Exon 12-20 Duplication
DMD patients with a duplication in exons 12-20 experience a frameshift mutation, meaning that the reading frame of the gene has been disrupted. This therapeutic is currently in stage 2 of development; patient myoblasts have been cultured and genome sequencing has been completed. Using CRISPR/Cas9 technology, researchers at SickKids have developed a guide RNA (gRNA) that allows the Cas9 protein to cut between exons 15 and 16 of the original DNA sequence and the duplicated sequence, thereby restoring the reading frame. The Cas9 and gRNA were packaged into a lentivirus and delivered to myoblast cells. Initial testing has revealed wild-type dystrophin mRNA production and substantial dystrophin protein restoration. The Cas9/gRNA complex is also being packaged into an adeno-associated viral vector called AAV-DJ to be delivered to myotubes (differentiated myoblast cells). Next steps for this project include assessing off-targets and developing a mouse model.
Exon 44 Duplication
CRD’s exon 44 duplication therapeutic is also in stage 2 of development. Similarly to the exon 12-20 duplication, multiple gRNAs have been screened to determine efficacy. Patient myoblast cells were treated with a lentivirus containing the CRISPR/Cas9 system. Wildtype RNA was produced, and a western blot analysis revealed dystrophin protein expression being restored. Future steps include assessing off-targets and testing the Cas9/gRNA complex in myotubes.
Exon 33 Deletion
Our exon 33 deletion therapeutic targets a microdeletion of 4 base pairs within exon 33 of the dystrophin gene. The cell line was successfully corrected using a strategy called reframing. SickKids developed a gRNA molecule that restored the reading frame of the dystrophin gene 32% of the time by adding a single nucleotide. This resulted in significant dystrophin protein restoration as compared to untreated cells.

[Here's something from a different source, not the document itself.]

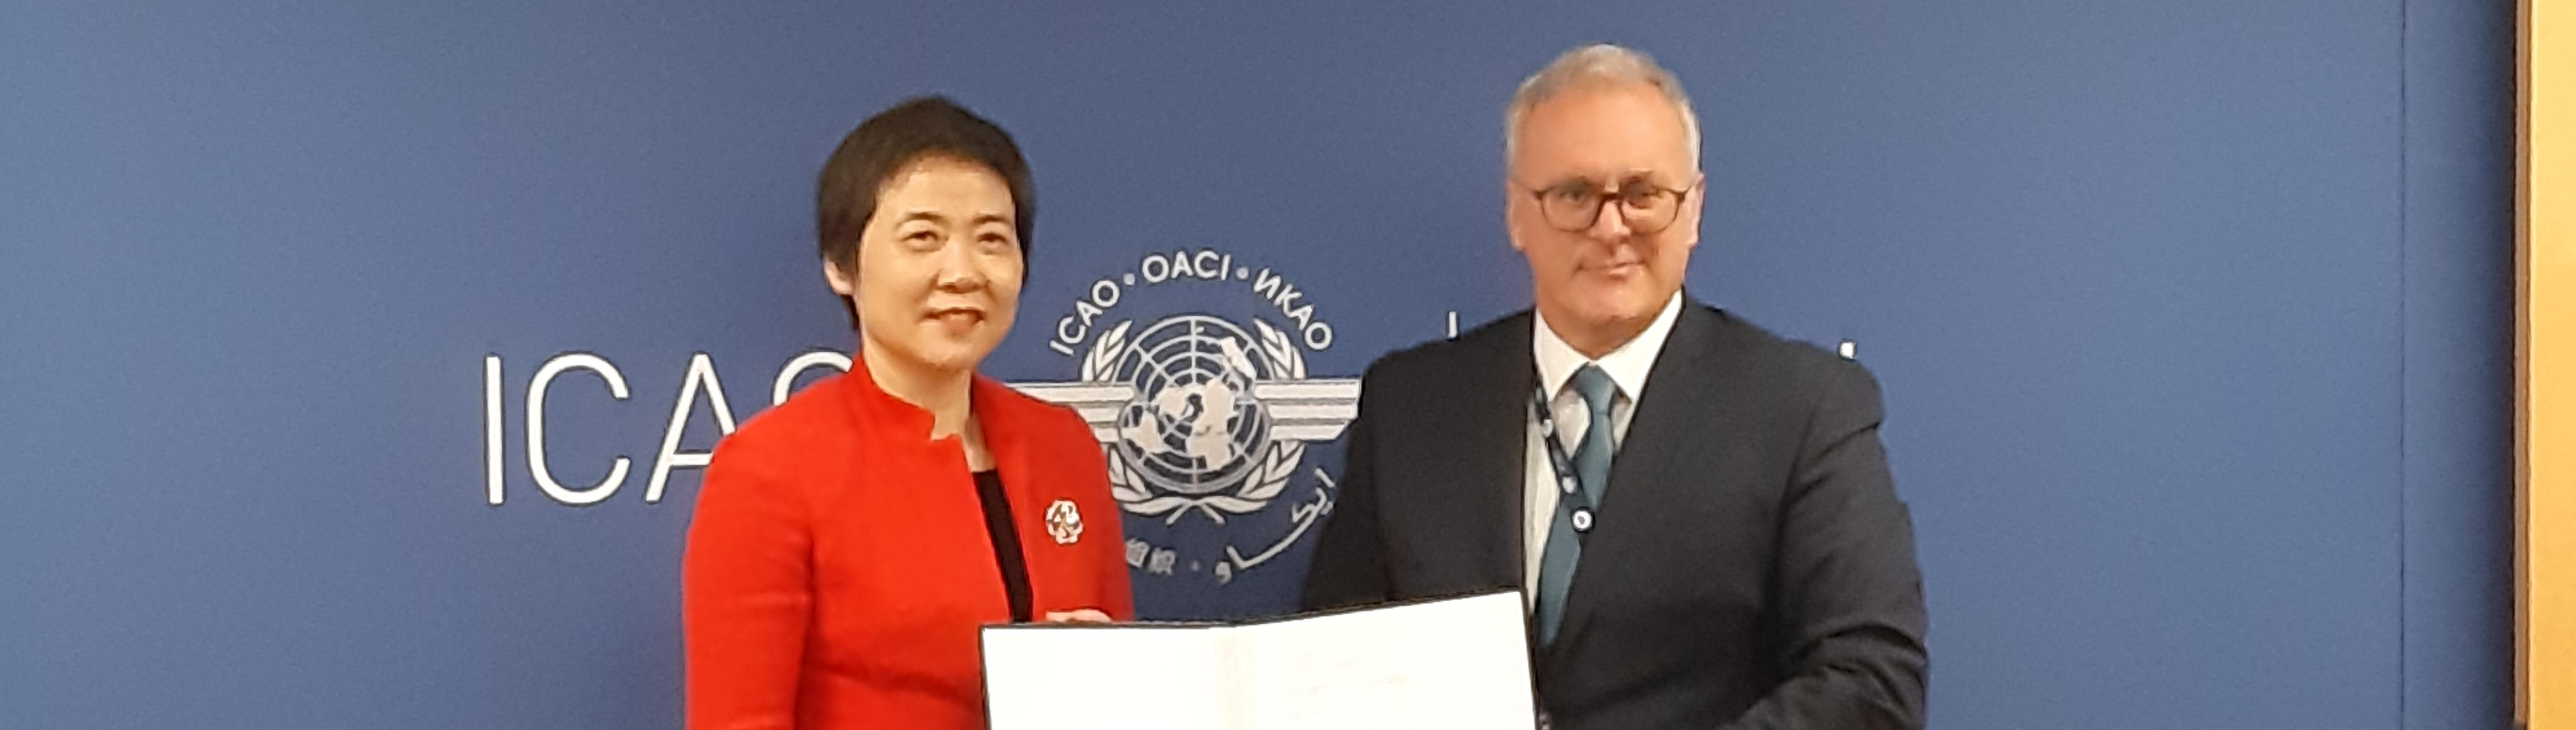 Il Presidente ENAC Nicola Zaccheo e il Segretario Generale ICAO Fang Liu dopo la  firma del Memorandum di Intesa

Overall, we are incredibly excited to share these recent advancements with the community. Having corrected these rare DMD mutations using CRISPR technology in patient cell lines gives us great hope that we can change the course of this disease for even the rarest of the rare. While this is an early accomplishment for these mutations, we march forward toward the clinical application of these technologies.
Our research and development is powered by the generous financial support of families, rare disease communities and organizations unwilling to accept the status quo of drug development practices. As a 501c3 non-profit biotech, 93+% of all donations go directly to the research and development of life-saving therapies.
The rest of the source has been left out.